In conclusion, there are three approaches that need to be taken to attack this problem. First, when the banks review their experience of two years' operation of their statement of principles--the review is due to take place in July 1999--they will need to examine the subject matter of this debate very carefully. On that point I agree with the noble Lord, Lord Razzall. Secondly, Peter Mandelson, when Secretary of State last year, announced that, parliamentary time permitting, it was the Government's intention to introduce legislation to provide for a moratorium on creditors' actions where a company in financial difficulty requires time to formulate proposals to put to its creditors, proposals which would enable its survival and continued training. I do not think he specifically said that he meant to go as far as Section 11 protection. But that is certainly one element which should be considered.

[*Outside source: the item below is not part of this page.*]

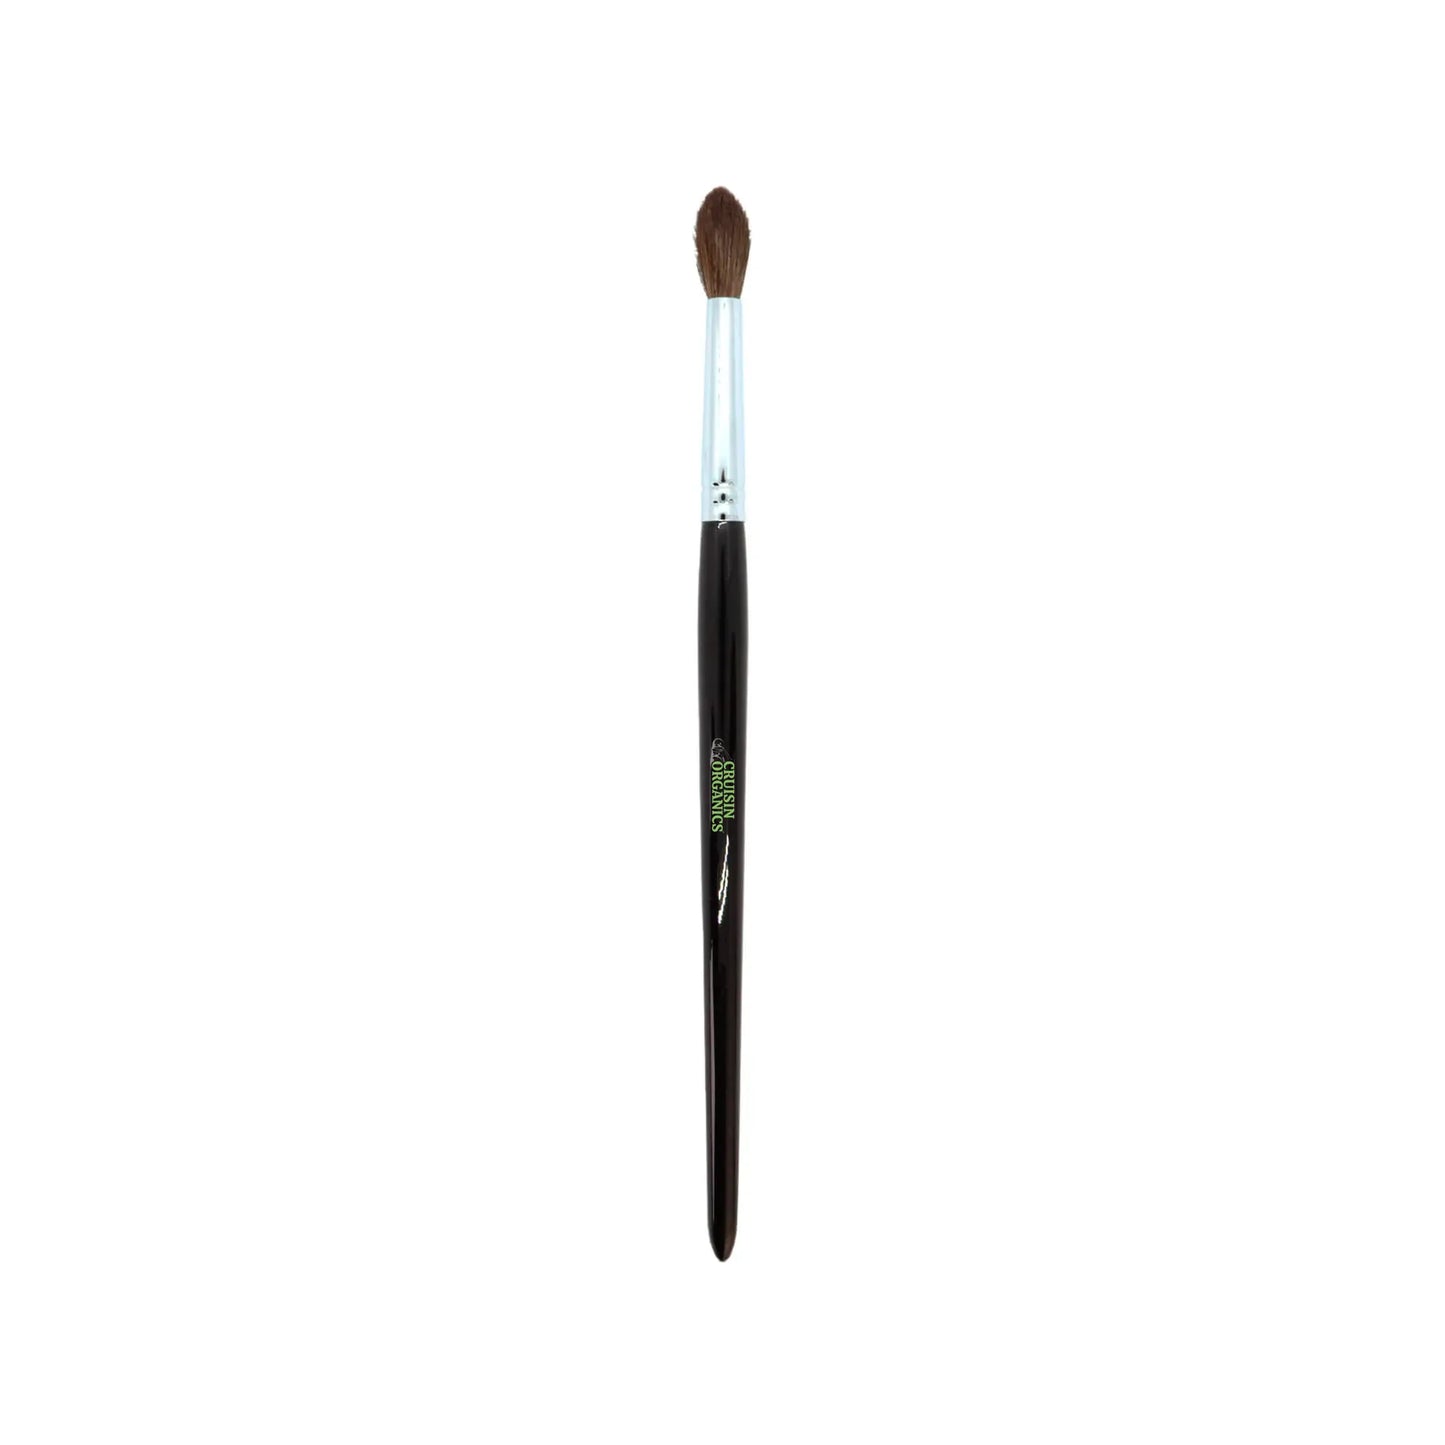 Blend the perfect crease color you’re looking for with our Cruisin Organics crease blender brush. This brush is perfectly shaped to guarantee precise application of color in the crease. Whether you are looking for light definition in the crease or a more dramatic look, this brush will deliver flawless, blended results each time.

Thirdly, and perhaps most importantly, in December 1998 the DTI published a competitiveness White Paper which announced a review of the law relating to company rescue mechanisms--the noble Lord, Lord Lucas, and others referred to that--to be conducted jointly by the DTI and the Treasury, because the Government would wish to see as many companies as possible being given the opportunity and encouragement to overcome short-term difficulties.

We have heard this evening that decisions about the appointment of receivers to companies are crucial in determining the future of all those involved in the company's business: owners, managers, employees and suppliers. This is clearly an issue which deserves to undergo a thorough re-examination. I am pleased therefore to be able to confirm to your Lordships--indeed, I just have--that it will be considered as part of that joint review of the law on company mechanisms which was announced in the competitiveness White Paper. I hope my noble friend will feel that we have taken the arguments used this evening seriously and that we propose to advance our consideration of them.